Ну а первая и единственная по-настоящему удавшаяся при совке рок-опера – «Юнона и Авось» – тоже, как известно, его (хотя и соавторы этого суперхита – Алексей Рыбников и Марк Захаров – дай бог каждому!).
В общем, Вознесенскому повезло: и во время он попал самое благоприятное – шестидесятые-детсадные, и если не эстетически, то хотя бы физически был в нем не один («Нас много, нас, может быть, четверо…»), и «Таганку» с Любимовым встретил, и «Ленком» с Захаровым, ну и, наверно, главное – Пастернак его благословил еще мальчишкой.

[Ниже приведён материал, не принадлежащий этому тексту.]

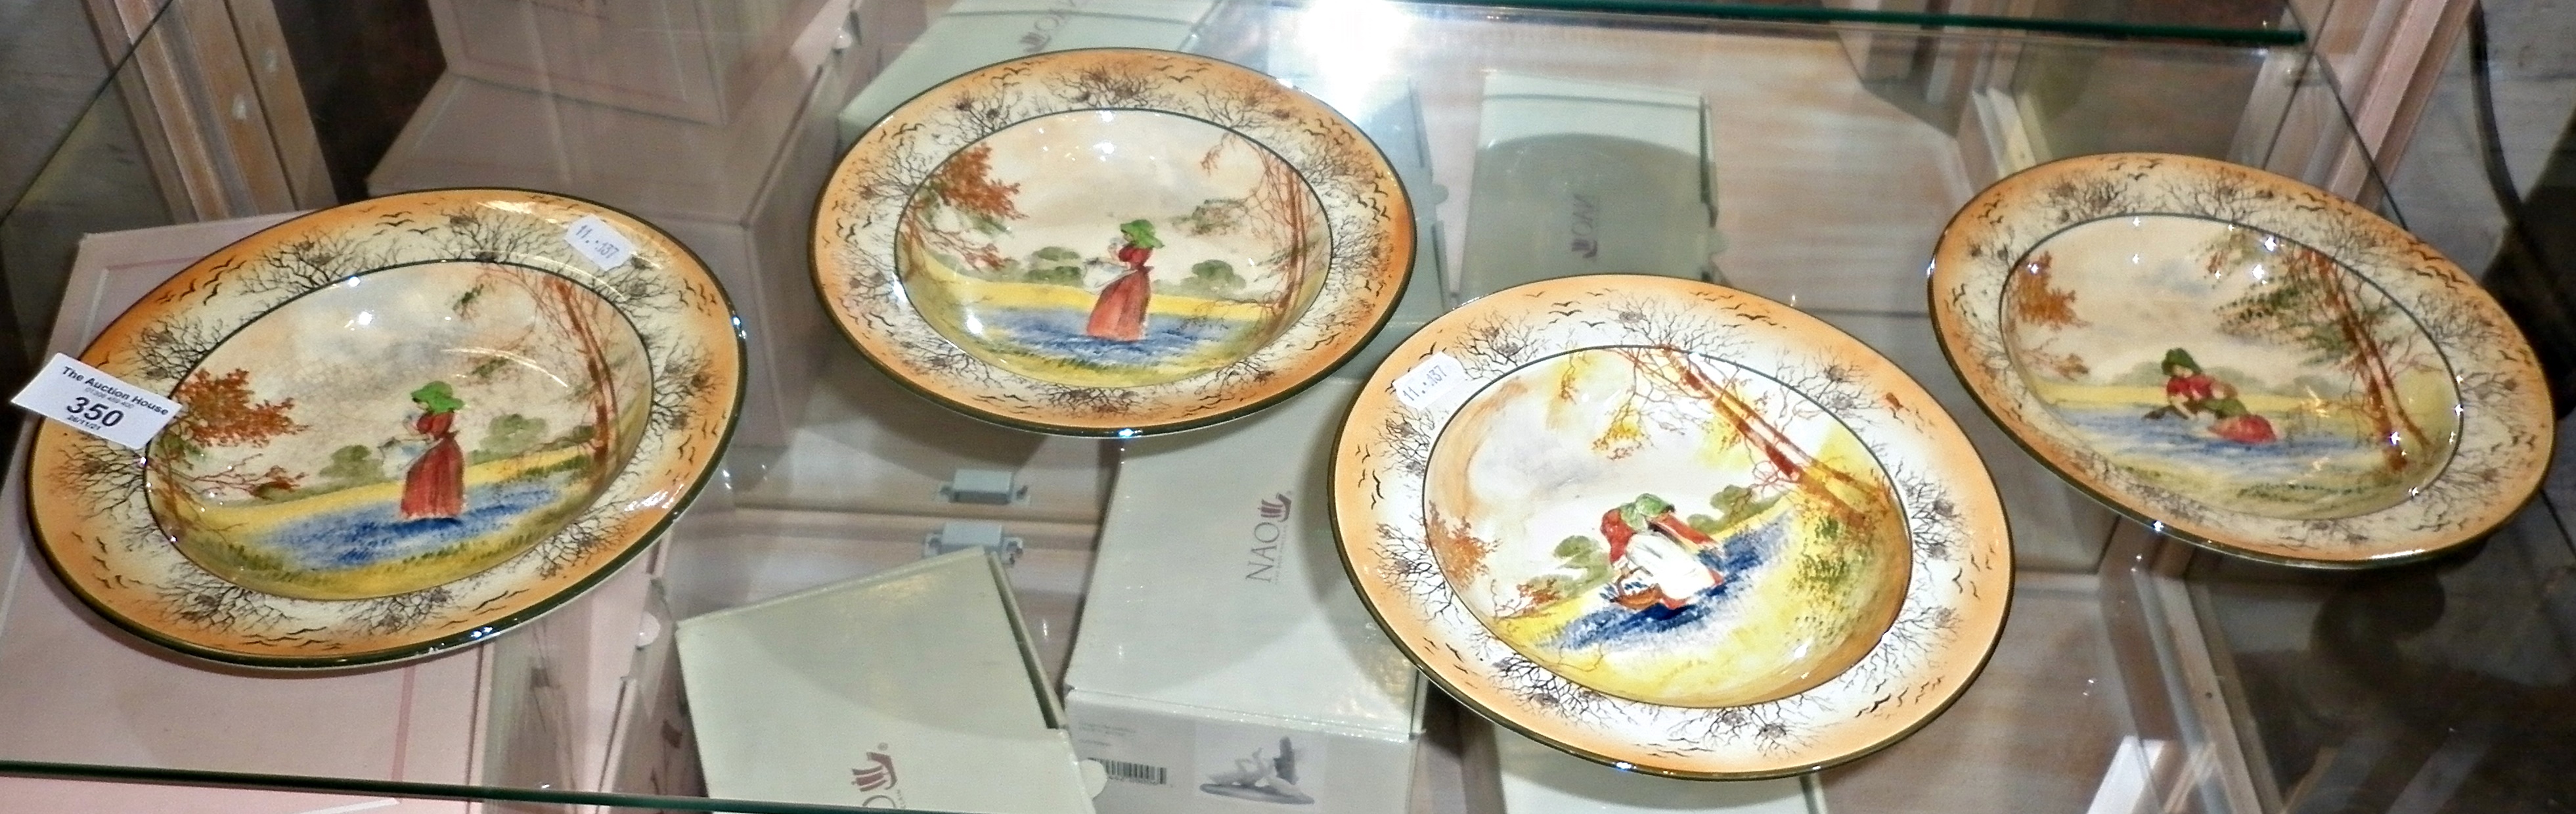 Set of four Royal Doulton "The Bluebell Gatherers" bowls, c. 1915

Но давайте разберемся. Хотя шестидесятые во многом «сделали» Вознесенского, он ведь тоже во многом «сделал» такие шестидесятые. И кому повезло больше от встречи: «Таганке» или ему, ему или «Ленкому» – тоже вопрос.
Что же касается подаренной в отрочестве дружбы с Пастернаком… Этот долг Андрей Андреич, по-моему, старался отдать всю жизнь. Не только пытаясь создать «школу», но и принимая у себя в Переделкине, выслушивая и даже благословляя совсем порой неумелых стихотворцев.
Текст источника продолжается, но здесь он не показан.